Elle est encore sous le coup de l’émotion de tout ce qu’elle a échangé avec ses collègues de galère et sa voix monte dans les aigus pour me convaincre. Elle me dit qu’elle a deux enfants, qu’elle a besoin de travailler, et qu’elle ne veut plus de ces restrictions médicales qui vont lui faire perdre son emploi.

« Je veux me faire enlever mes restrictions ». Elle ne demande pas à être opérée d’un bras ou d’une main mais elle dit « me faire enlever », comme on demanderait à être opéré d’une tumeur, d’une lésion qui pourrait devenir dangereuse, proliférer et menacer la vie. Elle me demande de ne pas voir. De ne pas voir la lésion, d’oublier sa douleur. Et d’ignorer son poste de travail. Il y a dans cette double injonction la très exacte réplique de l’injonction faite par le politique aux médecins du travail : les lois Rebsamen et El Khomri invitent les médecins du travail à réduire au maximum la pratique des consultations et le travail clinique qui permet précisément de voir et d’entendre. Au prétexte que les médecins du travail ne sont pas assez nombreux, on les dispense désormais de recevoir un salarié qui entre dans l’entreprise. Quant à la surveillance médicale renforcée, on nous promet une liste, fixée par décret, des « risques particuliers » qui justifieront une surveillance médicale régulière par le médecin du travail. Les femmes de ménage et les serveuses de la restauration courent-elles des « risques particuliers » ? On ne le sait pas encore !

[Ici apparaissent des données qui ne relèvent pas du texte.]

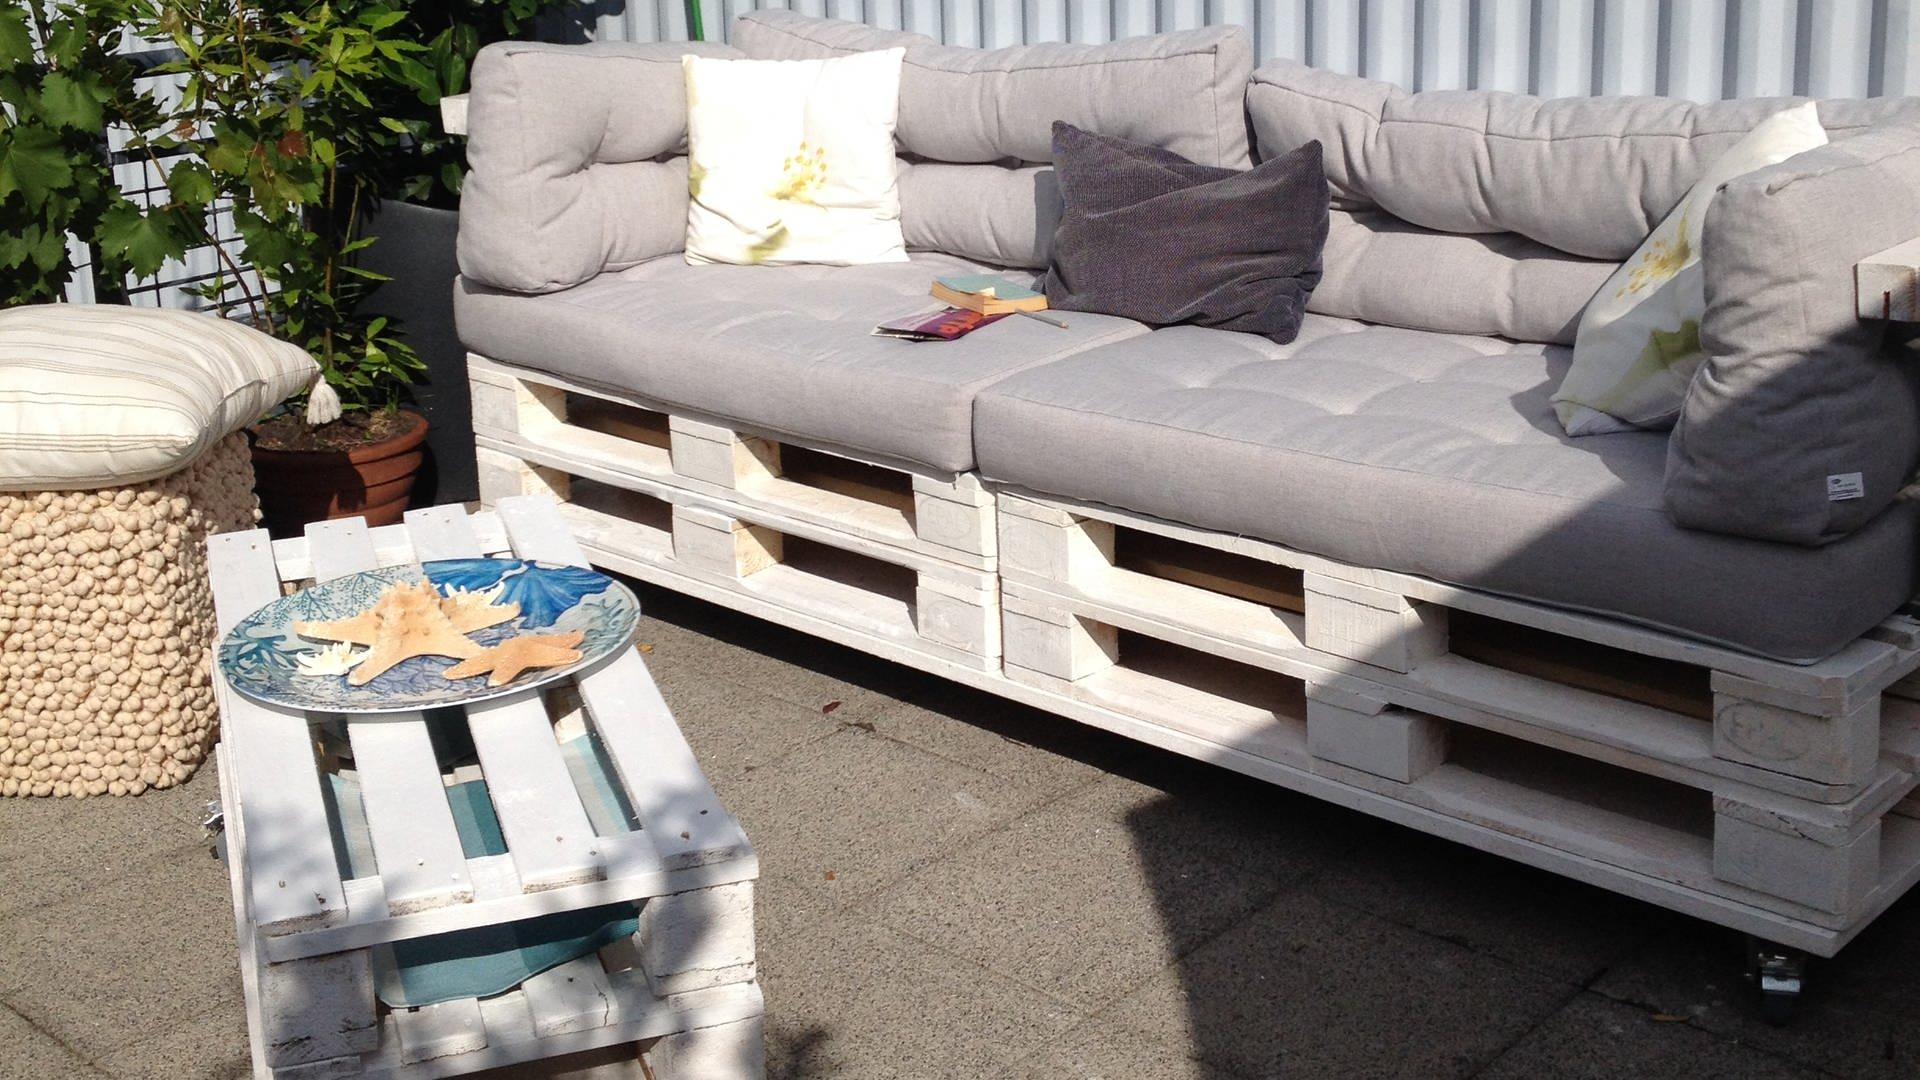 terrassenm bel aus europaletten programm swr1 bw. Black Bedroom Furniture Sets. Home Design Ideas

Les troubles et le squelette
Dans le même temps, des outils fabriqués par quelques universitaires et agréés par le patronat permettent de contourner les constats de la pratique clinique : le terme de « troubles musculo-squelettiques » est si éloigné de la réalité clinique la plus quotidienne qu’on peut se demander pourquoi et comment il suscite une telle adhésion médiatique, sociologique, voire médicale. Sans doute précisément parce qu’il en est éloigné.

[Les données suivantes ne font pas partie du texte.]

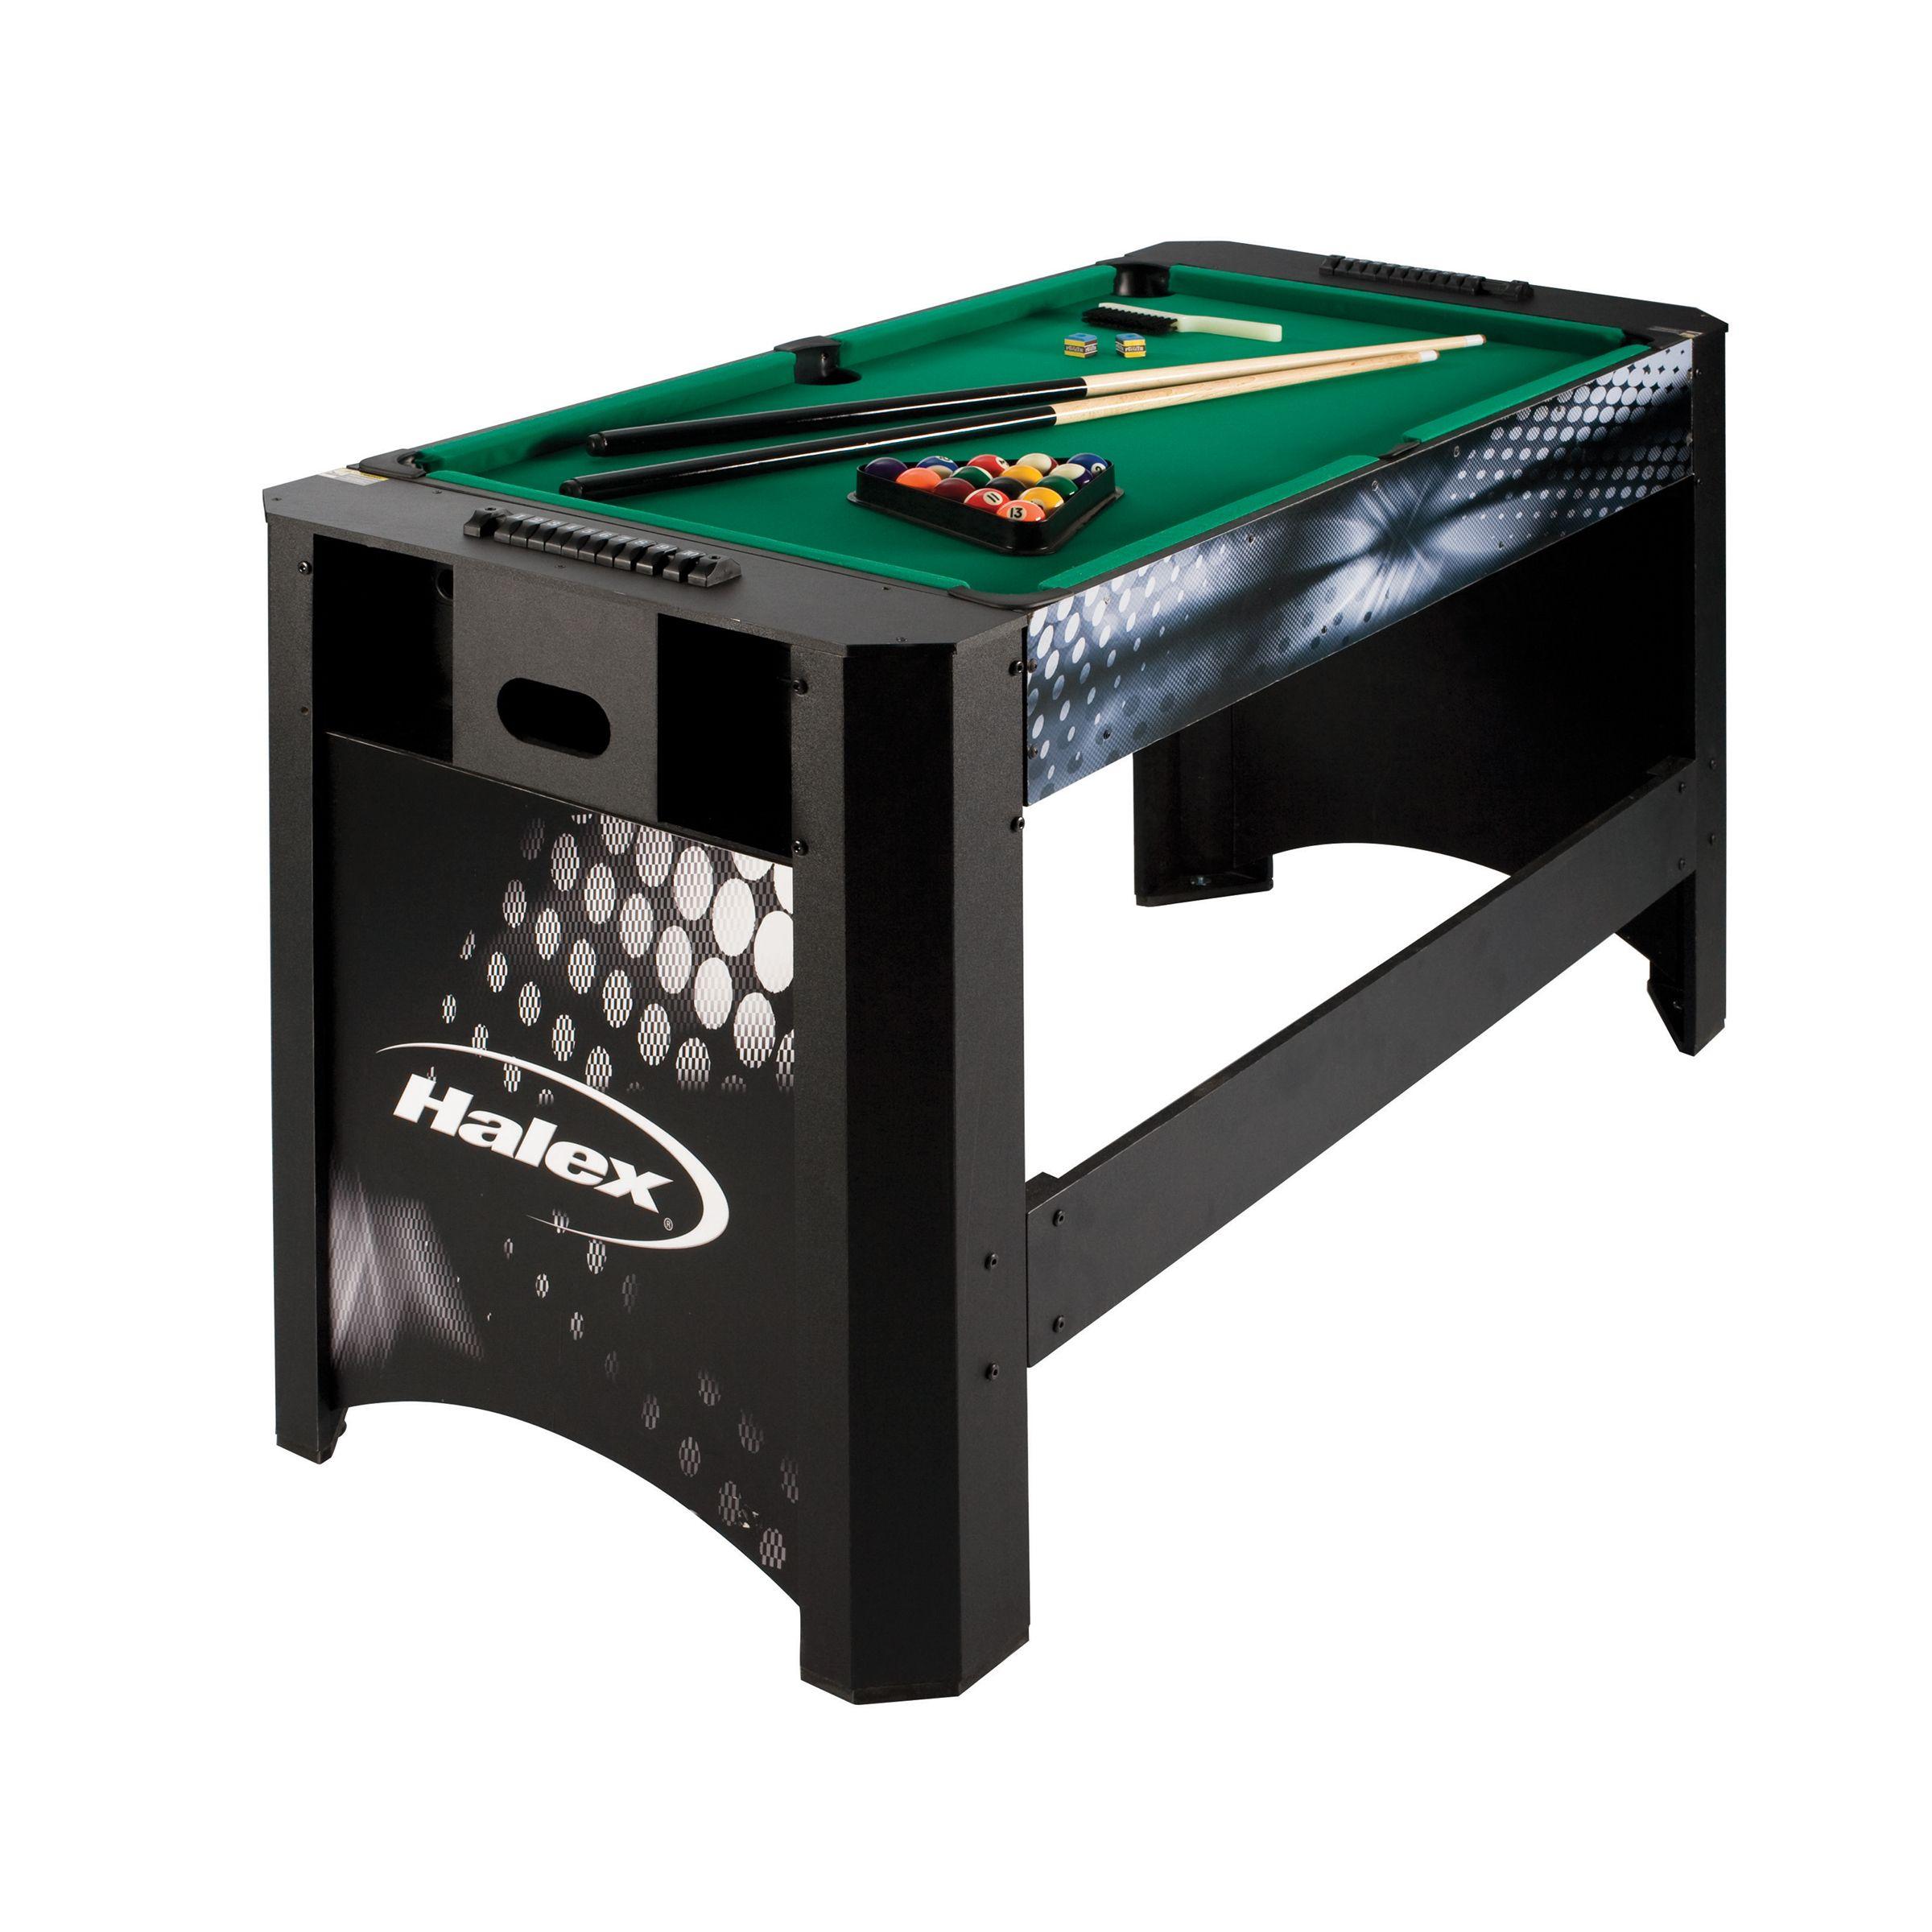 Halex 54in 4-in-1 Flip Table

Les salariés ne présentent pas de « troubles », mais des lésions, objectivées par des examens radiologiques. Ceci est le premier point. Dans leur énorme majorité, ces lésions sont d’origine professionnelle et mettent en jeu les gestes de travail, leur organisation, leur fréquence, leur répétition. Dans de nombreux cas, les conditions de travail sont directement en cause. La hauteur des plans de travail, la profondeur des dispositifs sur lesquels il faut se pencher, les conditions des efforts de soulèvement dans des espaces trop petits ou rétrécis, les conditions dans lesquelles on se baisse, on s’accroupit, on se penche, voilà ce qui peut faire souffrir le corps et, un jour, empêcher le geste.

Faire mention des « muscles » est également incongru, car ce ne sont pas les muscles, mais les tendons, qui sont le plus souvent siège de ces lésions. Comme le décrit le tableau national des maladies professionnelles qui, à défaut d’être exhaustif, mentionne des éléments cliniques extrêmement précis. Enfin, on ne sait pas ce que le « squelettique » vient faire dans cette histoire. Mais, curieusement, le tendon est précisément ce qui fait la jonction entre le muscle et le squelette. Or le mot tendon est le seul mot absent de cette clinique hasardeuse. Ainsi la seule partie du corps qui est le siège de lésions liées au travail n’est pas nommée. Il est certain que cette terminologie de « troubles musculo-squelettiques » permet d’éviter le terme de maladie professionnelle et de pathologie du travail.

Alors, le jour où un salarié vient lui-même demander qu’on le laisse travailler sans tenir compte de ses blessures, au risque d’une atteinte multiple des membres supérieurs, et qu’on laisse s’aggraver son état de santé au travail, il faut plus que jamais nommer ce que l’on voit, expliquer ce que l’on fait et reconnaître, dans cette demande d’abolition des restrictions médicales qui, comme l’a écrit le ministre du Travail en introduction de son texte de loi, « ralentissent la vie des entreprises, » un retour à l’asservissement des corps et aux lois du servage.